The argument goes like this: "The novels forming The New York Trilogy increasingly accommodate the postmodern (while growing increasingly realistic)... The stories can also be read, then, as chronicling the characters' (and allegedly Auster's) journey toward the postmodern. Quinn cannot make it. Blue might be more fortunate than Quinn. The narrator of The Locked Room is certainly the most successful of the three in having managed to skirt Fanshawe's threat. As far as Auster's literary career is concerned, the trilogy spells it out with astonishing insight: his novels will not be like those of Quinn or Fanshawe, but not like those of White or Stillman either. His fiction will undoubtedly be informed by a contemporary sensibility and concerned with current issues and theoretical debates, but also sympathetic with older narrative structures and forms and certainly aware of the literary tradition."

But, of course, it's dangerous to make categoric assertions. Auster himself says that the key idea is "learning to live with ambiguity". And he describes his literary ambitions like this: "I’ve always wanted to write what to me is beautiful, true, and good, but I’m also interested in inventing new ways to tell stories. I wanted to turn everything inside out. I suppose it’s a tremendously ambitious stance: not to be satisfied with conventions, to play with them sometimes, then to expose traditional norms and stretch them beyond their limits..."

parabola2

***

These novels are very intellectual, full of literary references (Hawthorne, Melville, Thoreau, Poe, Cervantes...), and pages of rabbit-hole details about curious incidents and phenomena. And, of course, they're awash with the writerly sleight-of-hand of postmodernism: Doppelganger figures; an increasingly blurry boundary separating author, narrator, and character; ambiguity, fluidity, and lack of resolution; the interrogation of language; the deconstruction of the detective genre (as this commentator points out: "There is no easy way out, no neat, pat answer as in most detective novels. Not only can we not say whether the butler did it, we do not even know what he is supposed to have done").

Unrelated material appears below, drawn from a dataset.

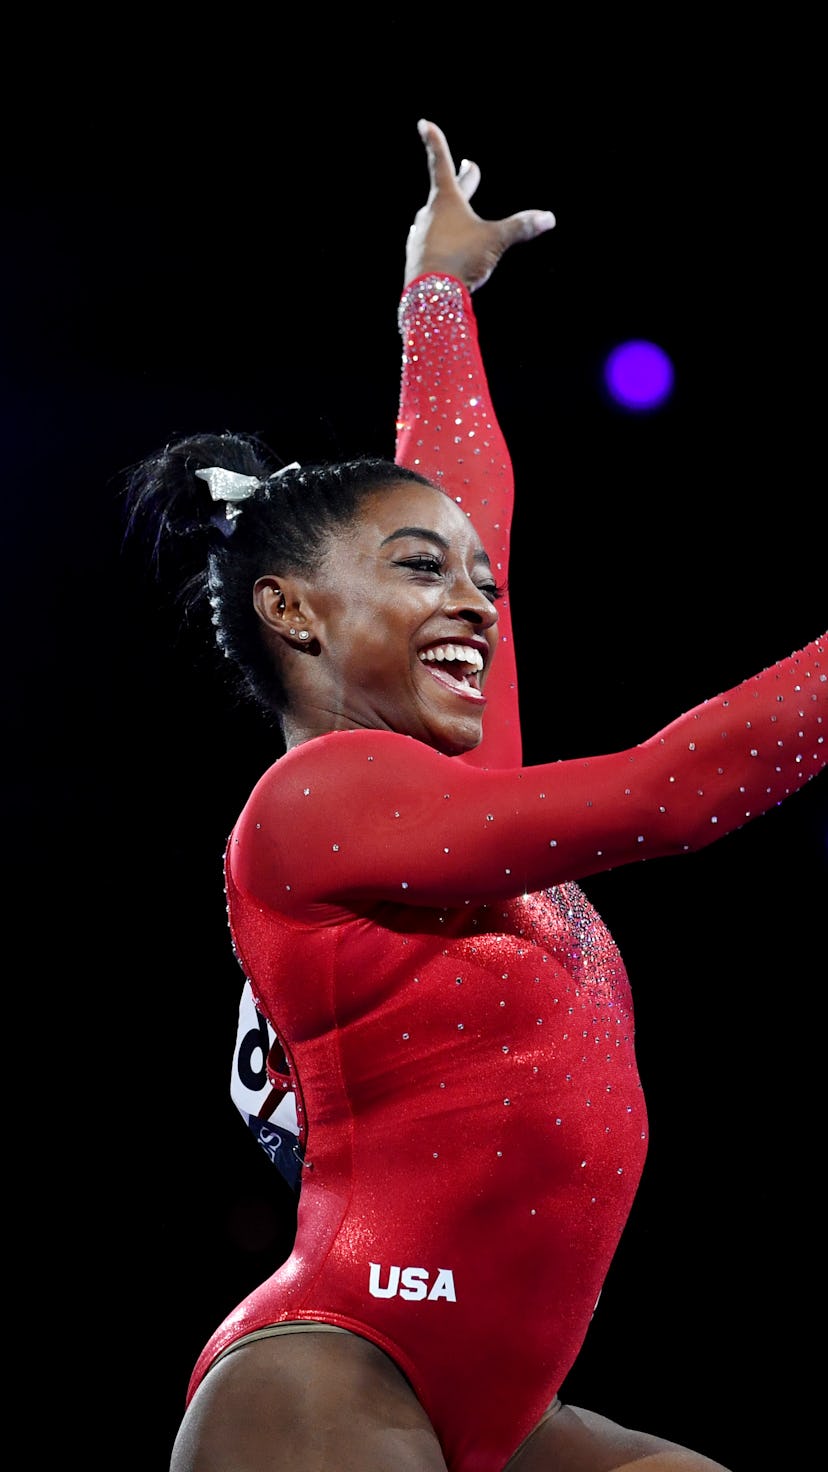 Simone Biles is wearing a red leotard and is smiling while performing at a competition.

And yet they're very, very readable. Intriguing. Spellbinding. You have to read on, even though you're baffled, bewildered, even annoyed, maybe even wondering sometimes whether you're being sent up (a story in which the characters are all named after colours...??).

But you just have to read on...

distortedus
"In Auster’s looking-glass text, we get a strange mise en abyme effect, the feeling of standing between two mirrors and seeing yourself repeated endlessly, in an abyss of the self."